Another year with no trick or treaters on Hanson Island. I shudder to imagine what we’d do if we heard a knock on the door right now. We’d glance terrified at one another, bodies taut, legs weak, hands shaking. What the hell? No one whose ever knocked on the door of a cabin on the rocks at 10:00 at night has ever done so with good intentions. But the night is calm and seems to be low on ghoulish or spiritual skullduggery. After a stormy month, it’s nice to hear the quiet. There’s not even boat traffic. All that comes out of the hydrophones is the occasional gurgle of water and the unexplained static like crackles.
But despite the quiet and despite the darkness, we’re not alone. Outside the door are sea lions and seals and mink and dolphins, and tonight, humpbacks. They never seem to favor the Hanson shore during the day. When they could be photographed and possibly identified. No, they wait until the sun disappears and the clouds devour what little moon there is. But in the pitch black, we can hear them. Their deep booming breaths shake the window as they surface somewhere out beyond the curtain of night.

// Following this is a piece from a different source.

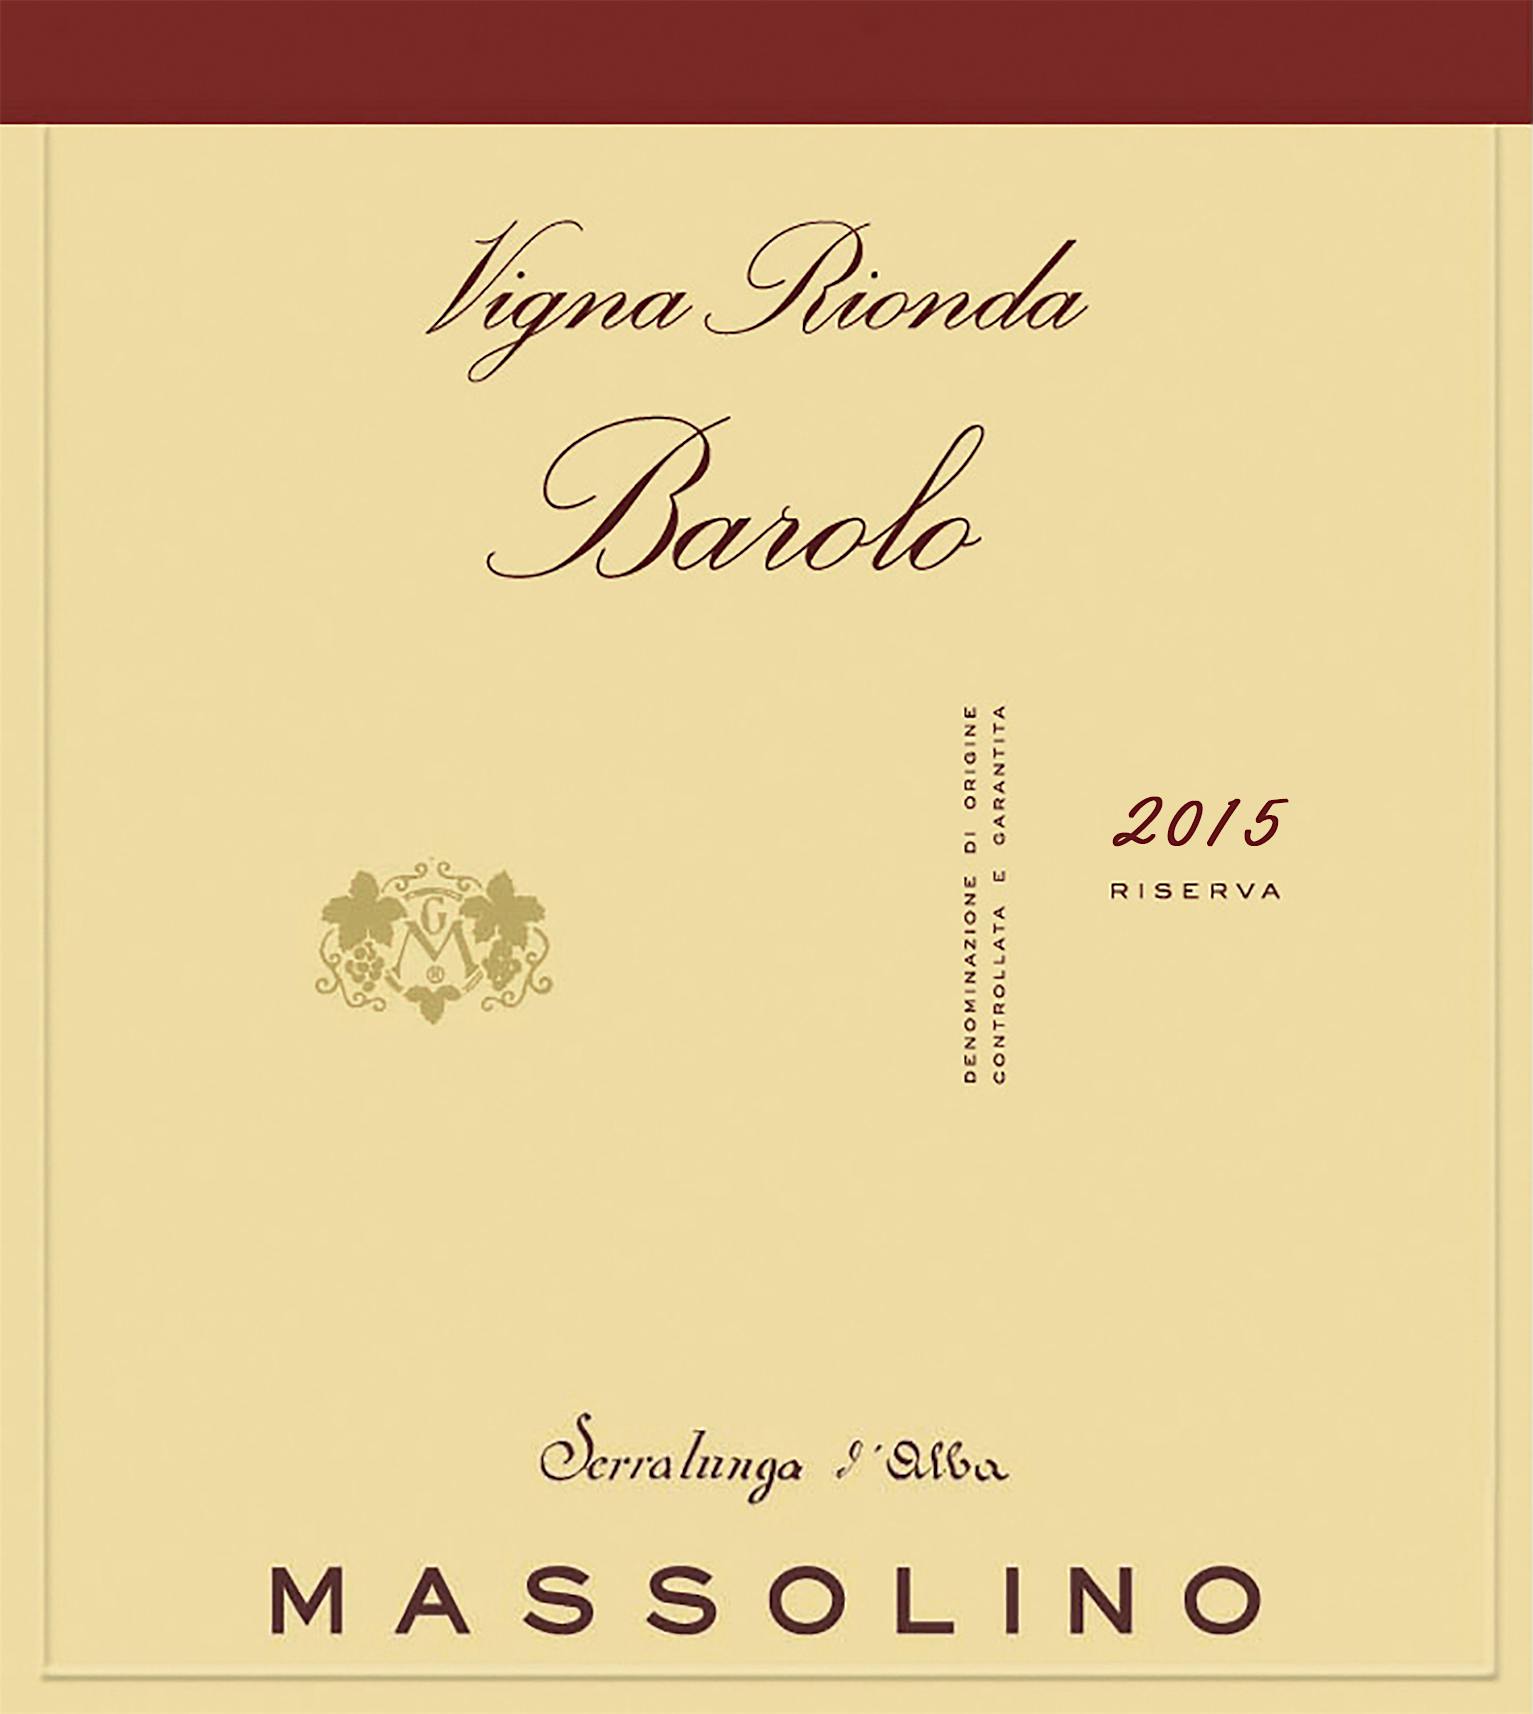 Label for Massolino

And time and time again I rise from my seat and step out onto the porch. It’s not like I can’t hear them from inside. But somewhere embedded in my DNA is an instinct as natural as breathing. Go to the whales. I stand on the edge of the porch, my bare feet gripping the slippery wood. Out of habit I count the blows. One… two… three… Three!? When was the last time there was three humpbacks in front of the lab? In between their surfacings is the sound of sea lions. Their exhalations are minuscule next to their cetacean neighbors. They’re like flies. They zip and dive around the humpbacks, why no one really knows. Maybe their picking off stray fish, using the whales for protection from Transients, or maybe it’s a game. Some sort of Sea Lion chicken to see who can get closest to a 15-foot flipper and not get bludgeoned to death.
There’s something about whales at night. I love whales at night. Let’s be honest, I love them at all hours, but something about hearing them but not seeing them hits me hard. Humpback or Orca, hydrophone or above water makes no difference. I love to listen. It goes back to a night more than ten years ago, not far from where I live and write.
Eleven Years Ago:
It’s past midnight. The only dark stretch of this July night. I’m asleep in a two man tent with my Father when my eyes snap open. I sit upright in my sleeping bag, that DNA kicking on for the first time. I know what I heard, the only question is; was it in my dream. I only have to wait a few seconds when I hear it again.
Blows. Lots of them.
I spring out of my sleeping bag—Dad right behind—and step out onto the rocks. Johnstone Strait is ten feet away and five feet down. And somewhere in that eternal blackness, they’re swimming. Orcas. I hear them but can’t see them. It’s infuriating. We’ve traveled hear to see them, not hear them swim tantalizingly by just feet away. From my knees I stretch out into the nothingness above the water, eyes straining, heart praying. But they’re moving on. Going west.
Two days later I got my wish when the A36s, a trio of male Orcas swim past in the morning. From the seat of my kayak I watched Kaikash, Plumper, and Cracroft cruise by. If only I’d known their names that day. I would have paddled out and introduced myself.
Today I don’t mind. Let them approach in the dark and scurry across to the shadow of Harbledown Island in the sun. Even as I write the humpbacks continue to move back and forth in Blackney Pass. Sometimes close, sometimes further away. But in the stillness I can hear them, mixing with the sounds of the hydrophone, the crackling of the fire, and the snoring of the cat.
Home.
Somewhere along the way, this place became home. One of them at least. It can be easy to take some of the miracles of Hanson Island for granted when it’s at your feet 24-hours a day. But not tonight. Not when the humpbacks surface and reawaken the boy inside that fell in love with it all eleven years ago.